たまたまやってみた仕事がはまったというわけだ。

俺が忌み嫌う学習塾を、彼が携わっていたというのは皮肉なものである。
今こうして、お互い好きな仕事についているというのは有り難い話であるが、それにはお互い遠回りをしたものだ。

今はやりたいことがあれば、調べるツテもあるし、リーズナブルな代替え手段もあり、経済的理由で目指せないということの方が少なくなってきている。

このような時代の中で、友達や先輩、地元の人、親たちとのコミュニケーションが断絶される「いい大学に入っていい会社に入る」というモノレールはリスクでしかない。

いまの学生たちの親や先生は、デジタルリテラシーがとても低い。
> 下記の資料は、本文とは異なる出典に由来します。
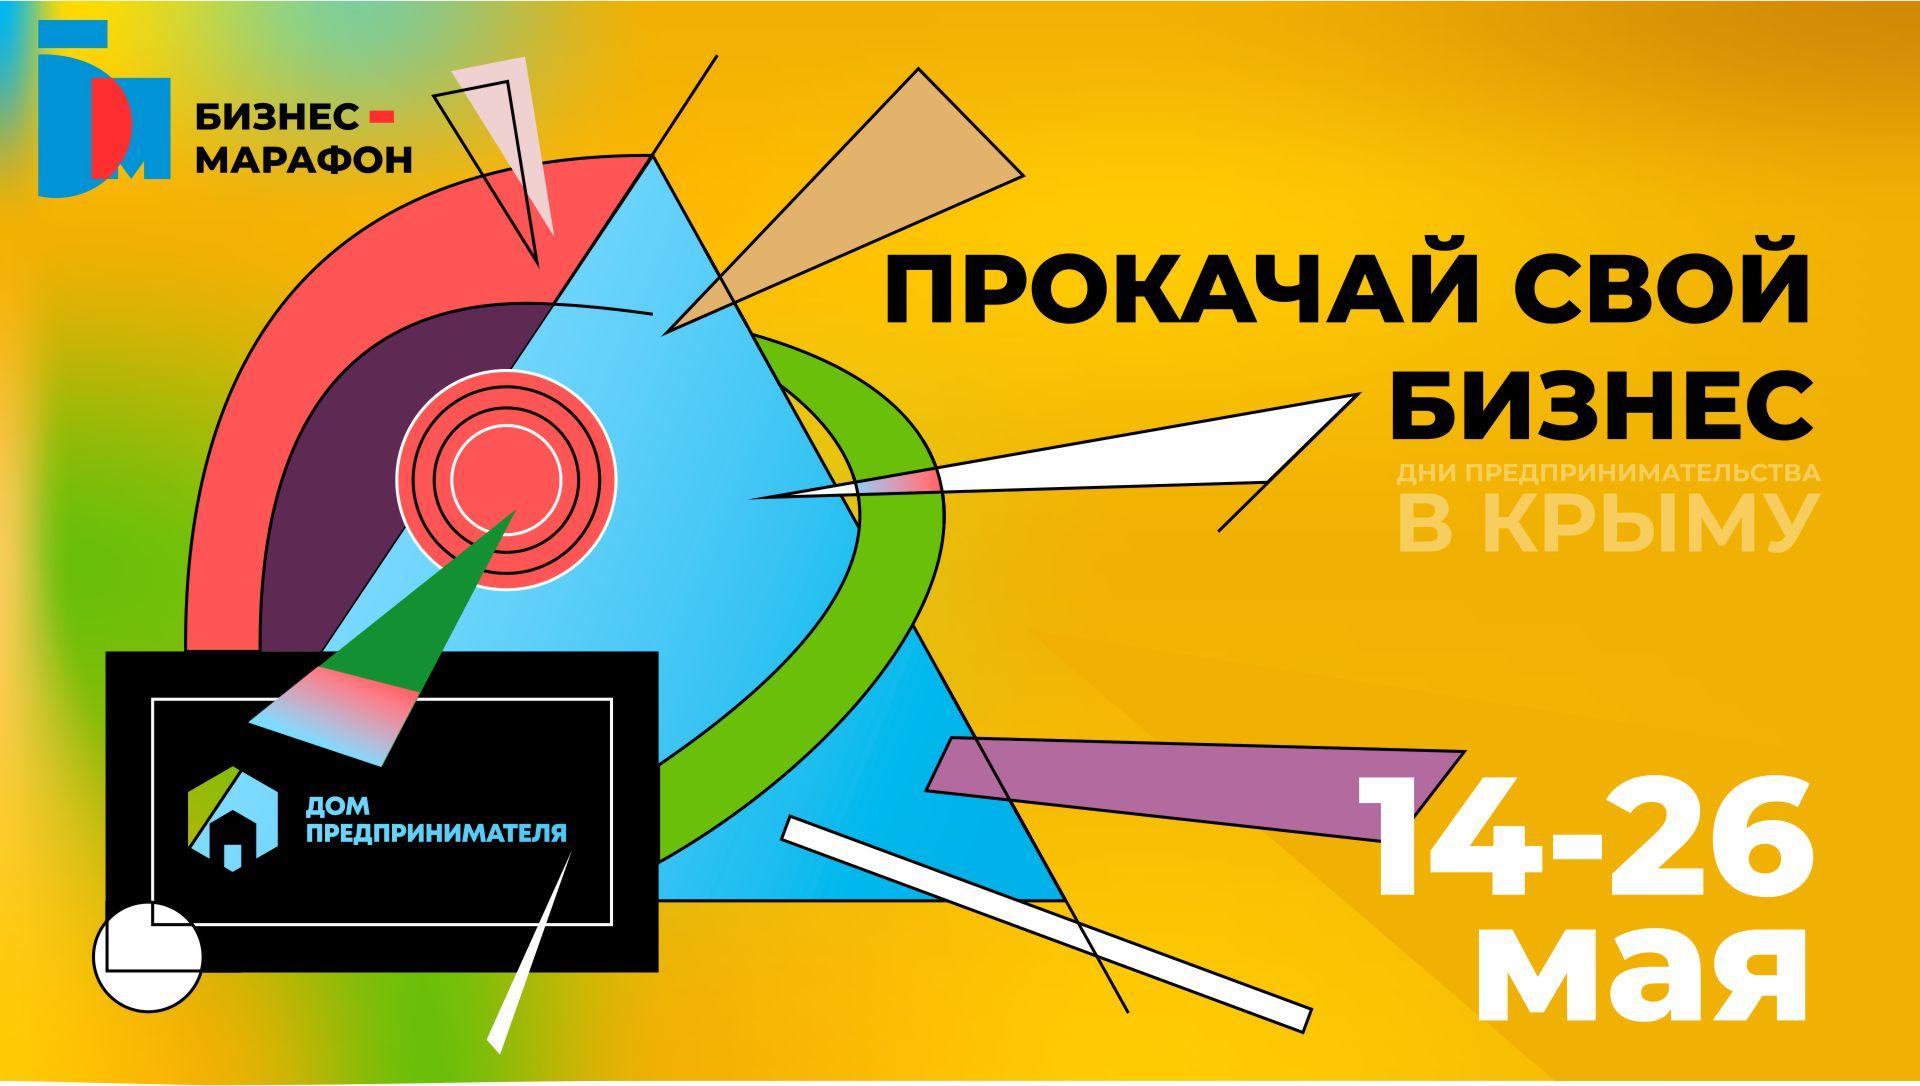 Афиша 2 Бизнес-марафон

そんな中で育つから、学歴に関係なく、ITとの接点が失われる。

やりたいことがあれば、自ずとITとの接点が生まれるのが今の時代なのに、彼らは若くして生きた化石となっている。

なるほど、こういうわけで、日本はIT分野で出遅れているのかと合点があった。

親のお前こそ、人生100年時代の後半戦を「やりたいこと」で過ごすことに集中せよと言いたい。子供は子供同士でなんとかするのだから。

PS)「純粋に学問をやりたい」とか、自分の意志で「塾にはいりたい」という子供の場合の話ではないことを断っておく。やっぱり学問は大切だという親もまたそれはそれでいい。ご自由に。